You can install the `pyspark-utils` module via pip:

```bash
pip install ai-helpers-pyspark-utils
```

## Getting Started

First, import the module in your Python script:

```python
import pyspark_utils as psu
```

Now you can use the utilities provided by `pyspark-utils`.

## Utilities & Examples

- `get_spark_session`: Recover appropriate SparkSession.
  
  Create a spark dataframe: 
  
  ```python
  >>> import pyspark_utils as psu

  >>> spark = psu.get_spark_session("example")
  >>> sdf = spark.createDataFrame(
        [
            [None, "a", 1, 1.0],
            ["b", "b", 1, 2.0],
            ["b", "b", None, 3.0],
            ["c", "c", None, 2.0],
            ["c", "c", 3, 4.0],
            ["d", None, 4, 2.0],
            ["d", None, 5, 6.0],
        ],
        ["col0", "col1", "col2", "col3"],
    )
  >>> sdf.show()
  +----+----+----+----+
  |col0|col1|col2|col3|
  +----+----+----+----+
  |NULL|   a|   1| 1.0|
  |   b|   b|   1| 2.0|
  |   b|   b|NULL| 3.0|
  |   c|   c|NULL| 2.0|
  |   c|   c|   3| 4.0|
  |   d|NULL|   4| 2.0|
  |   d|NULL|   5| 6.0|
  +----+----+----+----+ 
  ```

- `with_columns`: Use multiple 'withColumn' calls on a dataframe in a single command.

  ```python
  >>> import pyspark_utils as psu
  >>> import pyspark.sql.functions as F

  >>> col4 = F.col("col3") + 2
  >>> col5 = F.lit(True)

  >>> transformed_sdf = psu.with_columns(
    sdf, 
    col_func_mapping={"col4": col4, "col5": col5}
    )
  >>> transformed_sdf.show()
  +----+----+----+----+----+----+
  |col0|col1|col2|col3|col4|col5|
  +----+----+----+----+----+----+
  |NULL|   a|   1| 1.0| 3.0|true|
  |   b|   b|   1| 2.0| 4.0|true|
  |   b|   b|NULL| 3.0| 5.0|true|
  |   c|   c|NULL| 2.0| 4.0|true|
  |   c|   c|   3| 4.0| 6.0|true|
  |   d|NULL|   4| 2.0| 4.0|true|
  |   d|NULL|   5| 6.0| 8.0|true|
  +----+----+----+----+----+----+
  ```

- `keep_first_rows`: Keep the first row of each group defined by `partition_cols` and `order_cols`.

  ```python
  >>> transformed_sdf = psu.utils.keep_first_rows(sdf, [F.col("col0")], [F.col("col3")])
  >>> transformed_sdf.show()
  +----+----+----+----+
  |col0|col1|col2|col3|
  +----+----+----+----+
  |NULL|   a|   1| 1.0|
  |   b|   b|   1| 2.0|
  |   c|   c|NULL| 2.0|
  |   d|NULL|   4| 2.0|
  +----+----+----+----+
  ```

- `assert_cols_in_df`: Assserts that all specified columns are present in specified dataframe.

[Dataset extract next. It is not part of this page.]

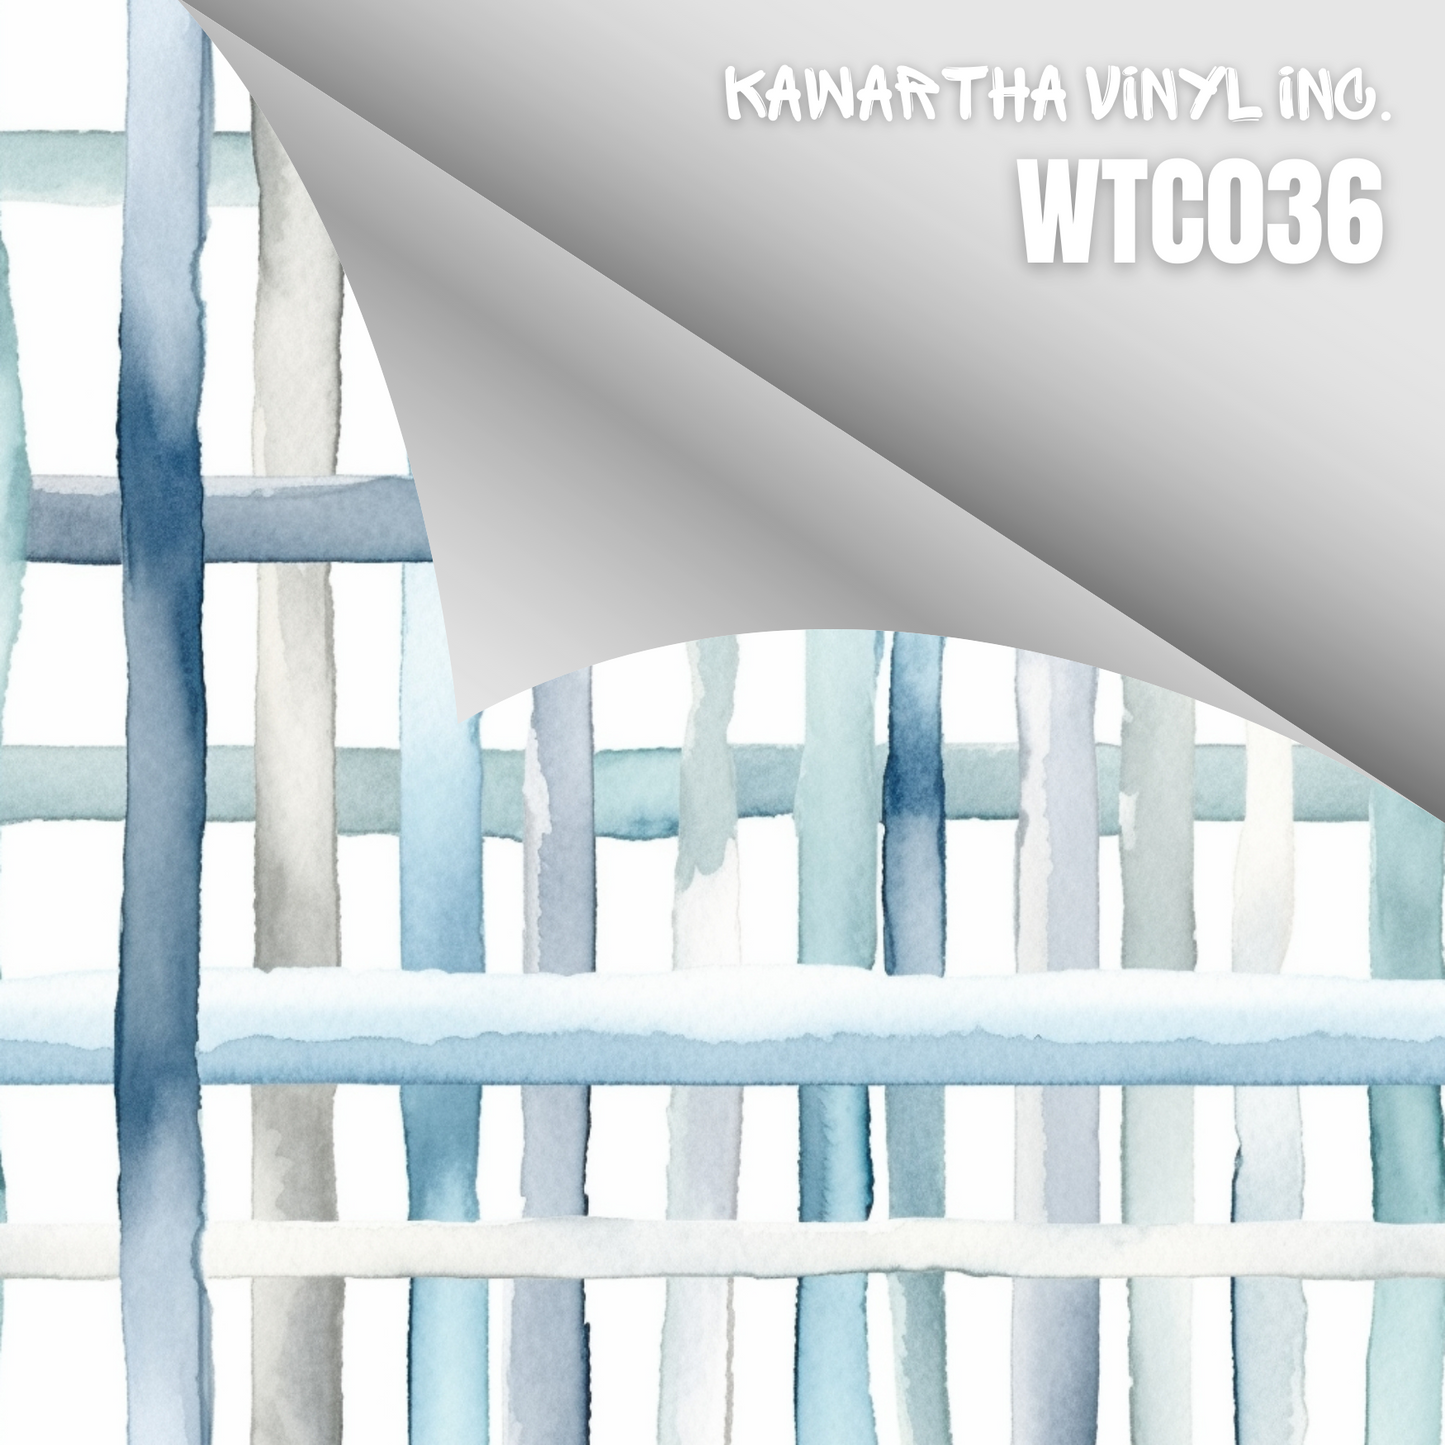 WTC036 Adhesive & HTV Patterns

- `assert_df_close`: Asserts that two dataframes are (almost) equal, even if the order of the columns is different.

## Contributing

We welcome contributions to `pyspark-utils`. To contribute, please follow these steps:

1. Fork the repository.
2. Create a new branch (`git checkout -b feature-branch`).
3. Make your changes.
4. Commit your changes (`git commit -am 'Add some feature'`).
5. Push to the branch (`git push origin feature-branch`).
6. Create a new Pull Request.

Please ensure your code follows the project's coding standards and includes appropriate tests.